The case touched upon the volatile ethnic sensitivities that come into play nearly every day in L.A.

Superior Court Judge Ronald Sohigian Friday tossed out a civil suit filed against Miley Cyrus that accused the teen singer of delivering a racial insult.

Last February a photo appeared on the internet of Cyrus slanting her eyes in apparent parody of Asians.

 

The image showed Cyrus and several Caucasian friends surrounding a young Asian man while either narrowing or — like Cyrus — stretching their eyelids.

Some saw plaintiff Lucie Kim’s suit as political correctness run amok, while Asian groups and others believed Cyrus had gone out of her way to mock them.

When Kim’s lawyer, Henry Lee, asked for a reason for the dismissal, Sohigian, a methodical and soft-spoken judge, said simply that he agreed with the defense’s arguments and that he considered Cyrus’ gesture to be protected parody.

The case was a minor bellwether not only because it touched upon the volatile ethnic sensitivities that come into play nearly every day in Los Angeles, but because Lee attempted to paint the Hannah Montana icon as a business entity that had engaged in racial discrimination by presenting to Asians an offensive facial expression.

Cyrus’ lawyer Bryan Sullivan began the demurrer hearing by noting that since Kim had viewed Cyrus’ eye-stretching antics on the internet, she lacked legal standing as a plaintiff and that Cyrus was an individual, not a business.

Au contraire, Lee protested.

“A business establishment,” he said, “was any for-profit commercial enterprise. Her actual name is a trademark … Every time she sells herself she is acting as a business.
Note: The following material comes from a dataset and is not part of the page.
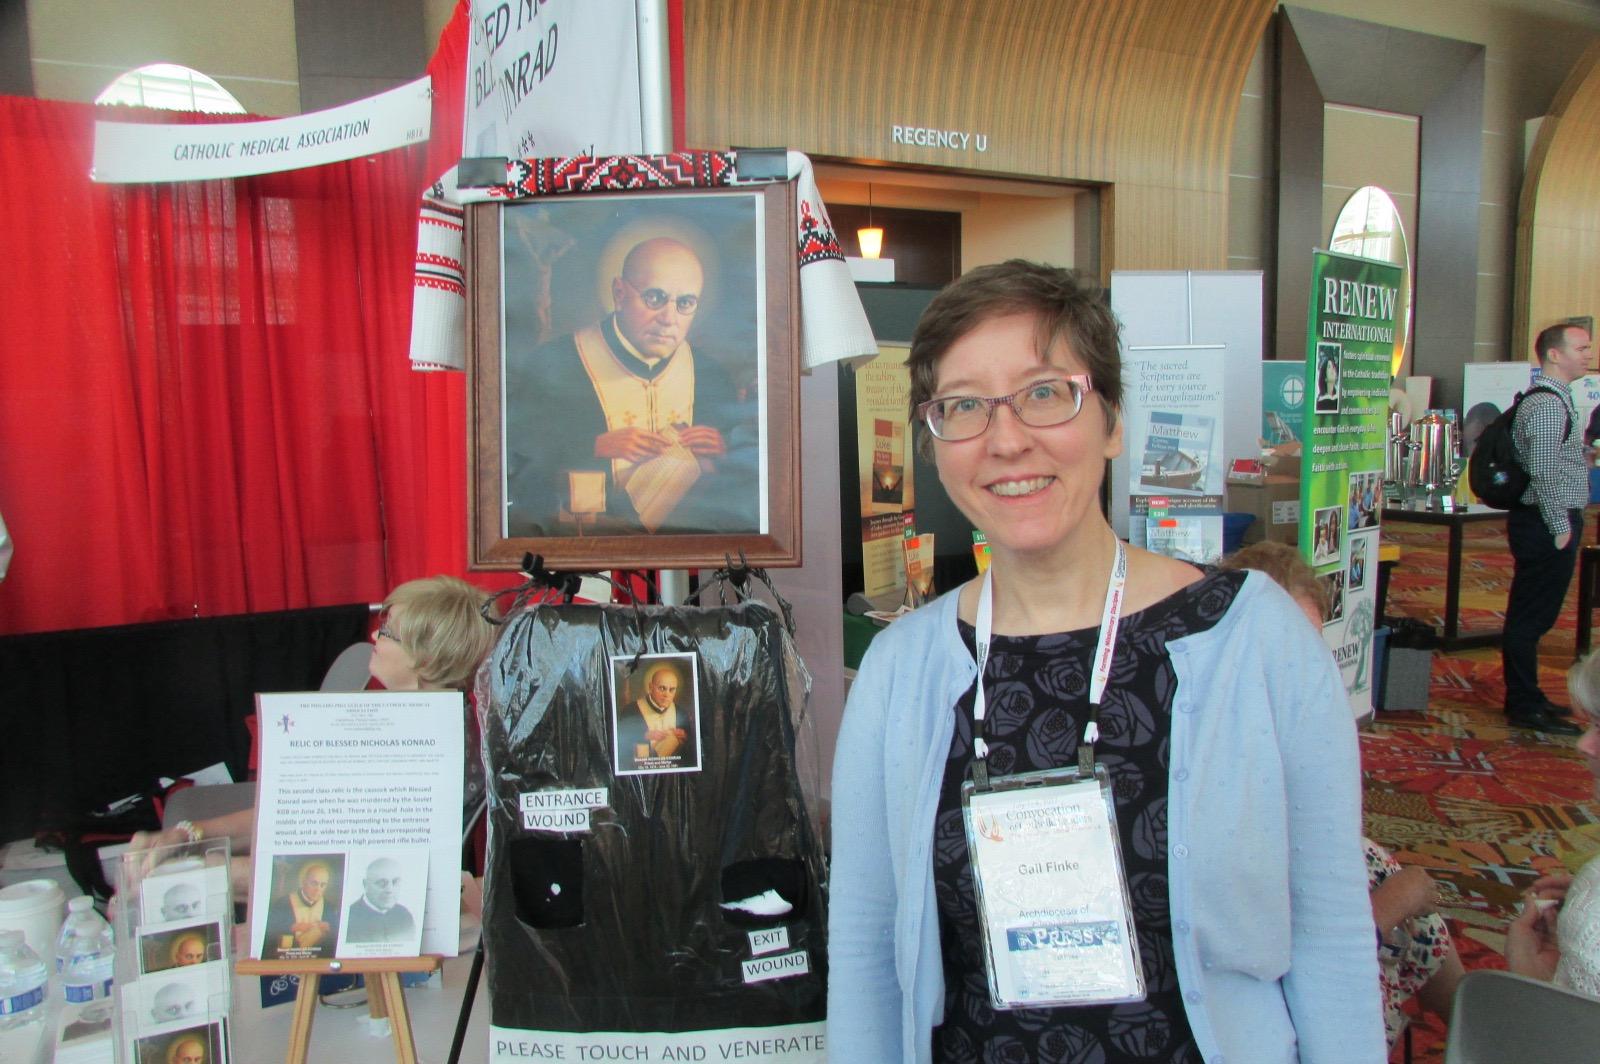 Writer/photographer Gail Finke with the portrait of Bl. Nicholas Konrad. (CT Photo)

The defendant is in fact a business establishment … I think a jury needs to decide if her slanty-eyed gesture is a racial insult.”

“I haven’t seen anything like that since I was 12 years old,” Lee, who is Asian, told the court. “If [Cyrus] is going to put her face out on the market and make money on it, she can’t use it to communicate a racial insult.”

Afterward, Lee told TheWrap that an appeal of Sohigian’s ruling is a possibility that will be considered.